US Money Transmitter License Options
Looking for US Money Transmitter License Options? This articles explains the various avenues you can travel upon to get money transmitter license coverage!
A question asked often is what are the various options for fulfilling the requirement of having money transmitter licenses to do business in the US.
The diagram below depicts the various options one has as far as doing business with is licensed / governed by Money Transmitter Licenses.
In order of difficult (from lowest to highest):
- Correspondent / ISO
- Authorized Delegate
- Banking Agent
As an affiliate, you don’t have any licensing per se, what you are doing is selling the products/services of an existing license holder and earning commission for every sale you bring in. As an affiliate, you don’t have any claim on the new business that you bring in. The client will legally belong to the principal license holder. Also as an affiliate, you cannot touch the funds. The client onboarding process and funds handling has to be done directly by the principal license holder.
Correspondents can be of two types (in the domain of money transfer services). Essentially there is a foreign correspondent, and a Local (domestic) correspondent.
As the name implies, a foreign correspondent is someone who wishes to do business with the principal license holder in the US. This correspondent can be a Bank or a Licensed Money Transfer Operator. What a foreign correspondent essentially does, is that it legally becomes the trading partner with the principal license holder, thus allowing transactions to be settled.
In other words, it is a contractual understanding of how the principal license holder can send transactions to the correspondent and how they will further settle it. A correspondent agreement is usually required by the State Regulators when they audit an MSB, they would like to see a contract with the counter-party where transactions are being terminated/settled. This is essentially what a Correspondent is.
As an example, if an MSB in the US is dealing with a Bank/MTO in Philippines to settle a transaction, then the US MSB will have a Correspondent Agreement with the Bank/MTO in Philippines to give legal structure to the transaction and its settlement.
Likewise, for the Bank/MTO in Philippines, they now have a legal contract with the US MSB to show to their local regulator.
A Correspondent contract does not allow them (the correspondent) to onboard transactions on their own from the US, i.e. a correspondent cannot solicit business from the US directly. Business must be handed to it by the US MSB.
It is simply a contractual obligation to handle a cross-border transaction (or a counter-party transaction).
As the name implies, the localized version of a correspondent contract, allows for an MSB in the US to send forth a transaction to locally licensed entity for the same. It does not provide the local party any licensure rights on the transaction, but simply is a legal contract allowing the transaction to be settled.
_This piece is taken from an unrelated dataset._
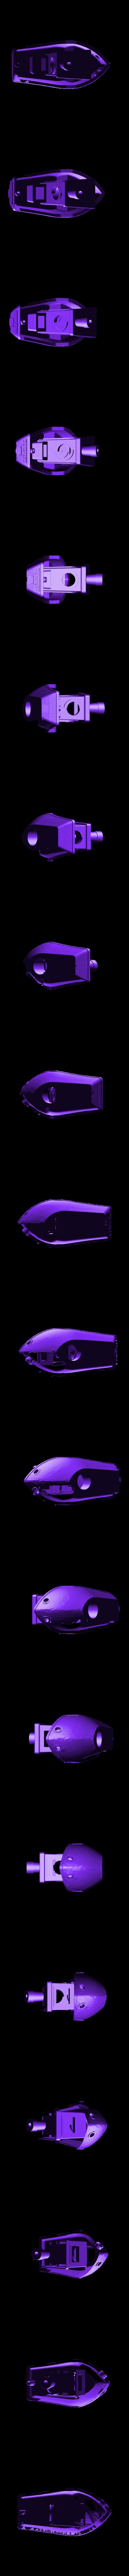 BenchyBody.stl Download free STL file AngelBenchyTreeTopper • 3D printing model, Digitang3D
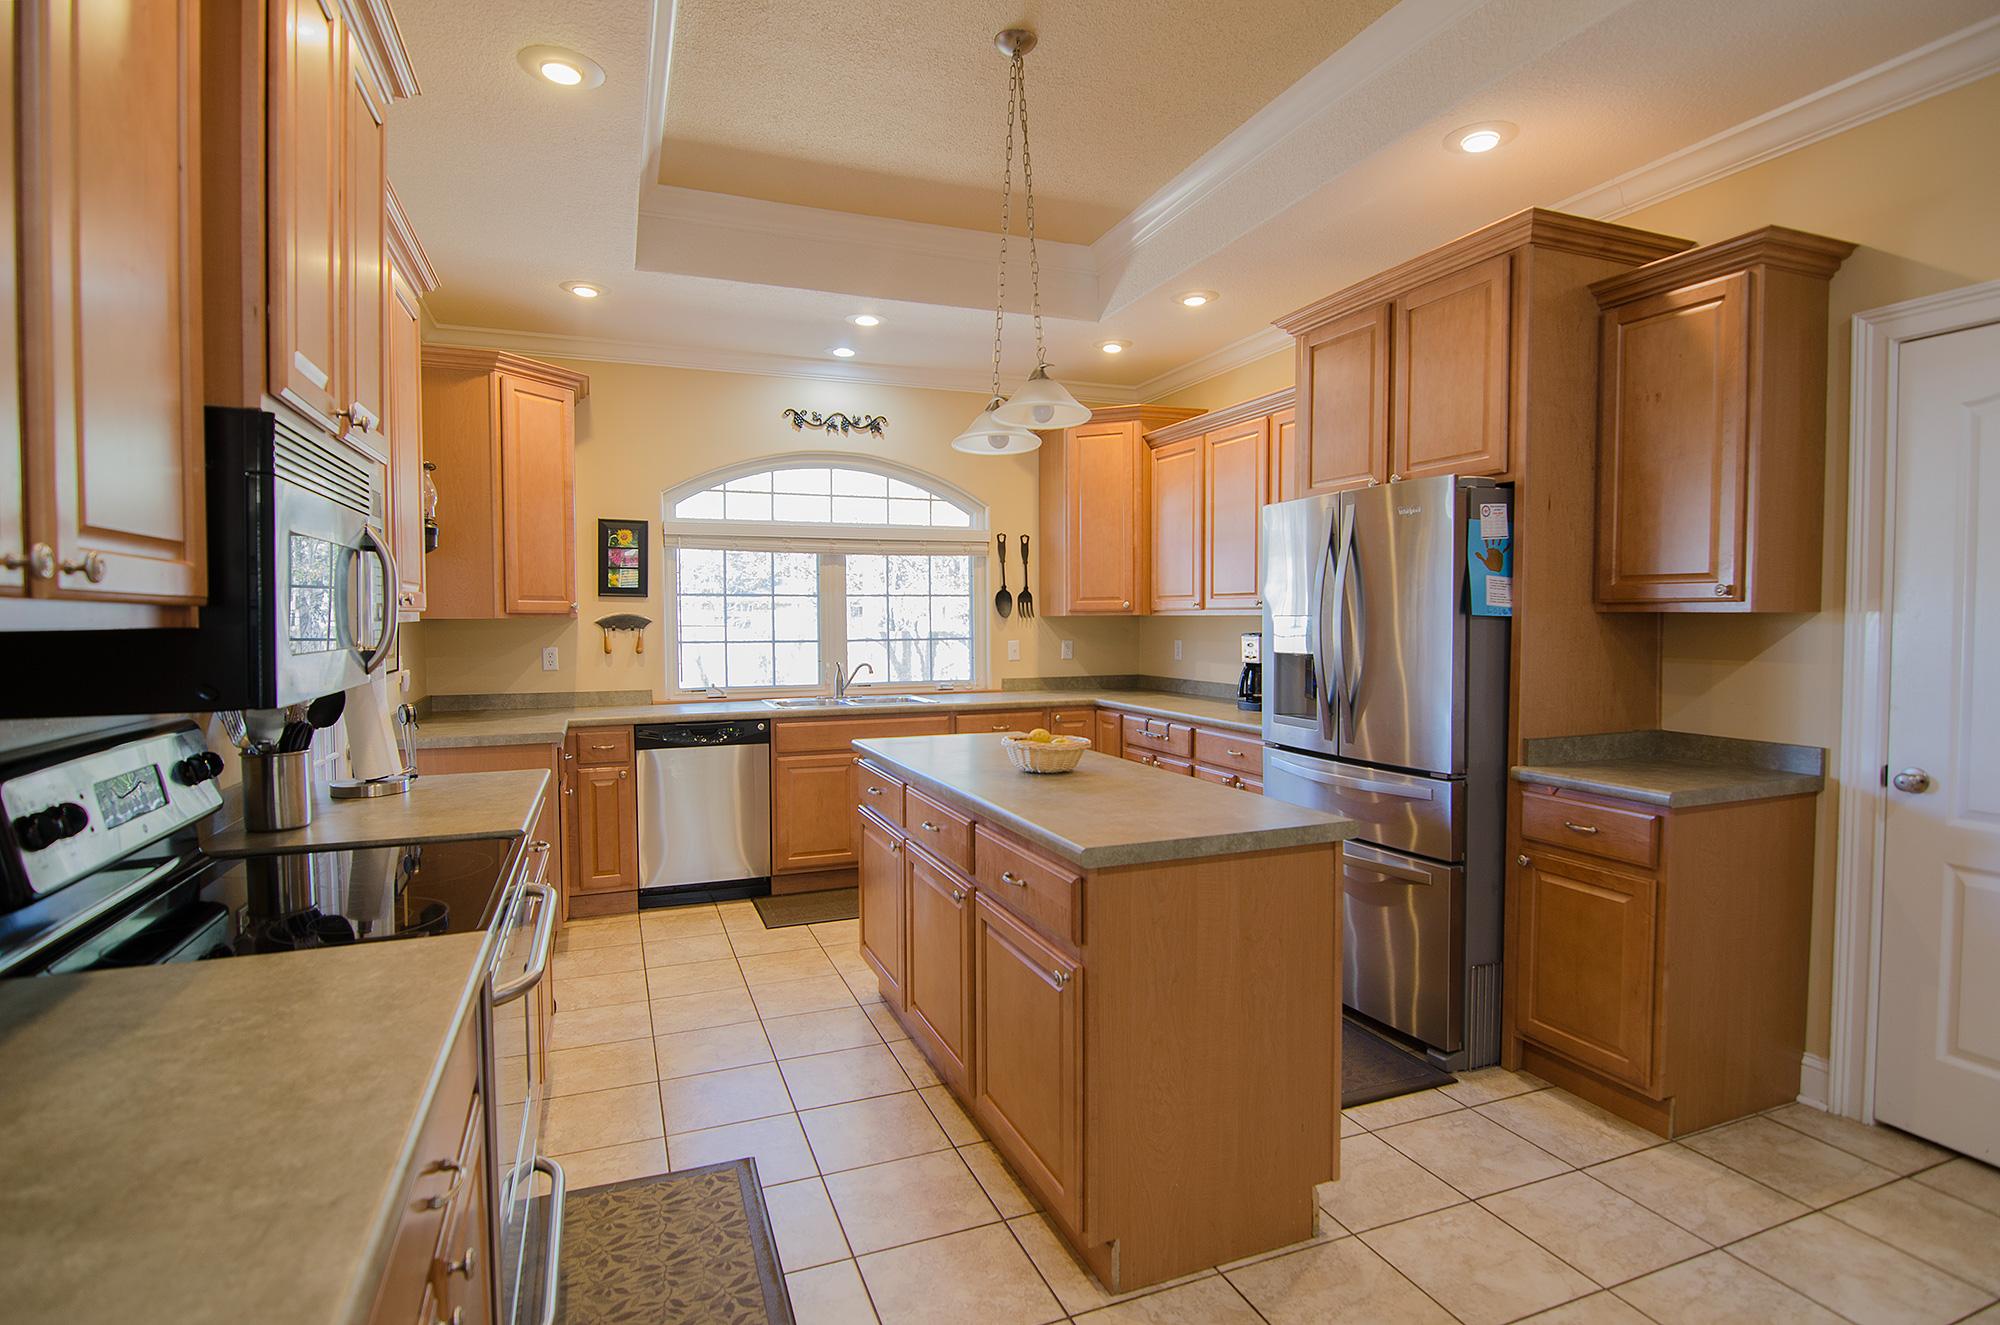 3riversrealty,-bainbridge-home-for-sale,boxwood-drive,mills-brock,randee-eubanks,kitchen.jpg

In both cases (Local or Foreign), the following restrictions would apply to the correspondent:
- Legally speaking the transaction owner is the MSB in the US (if the transaction is being originated there)
- If the transaction is being originated by the Correspondent, then the legal owner of the transaction is the correspondent.
- In either case, neither party can market or solicit business in other party’s territory
- Because the agreement is for two or more parties to settle the transaction, the flow of funds is such that it will touch both the parties.
- Neither party can assign agents or further sublet this work to a 3rd party without it being explicitly being mentioned in the Correspondent Agreement.
Correspondent / ISO
A Correspondent Agreement coupled with an ISO (Independent Sales Organization) Agreement is a methodology for a party to further sell/promote the products/services being offered by the Principal License Holder.
To further explain this, consider the two examples:
Bank/MTO in India wants to tie-up with an US MSB and also promote the services being offered by the US MSB so that more transactions can be generated.
In this case, the Correspondent Agreement provides legal cover to the transaction, whilst the ISO Agreement would allow the bank to promote the website/app of the US MSB to drive more customers. The ISO Agreement takes a proactive approach to the marketing and sales efforts of the US MSB, rather than passively waiting for transactions to come in.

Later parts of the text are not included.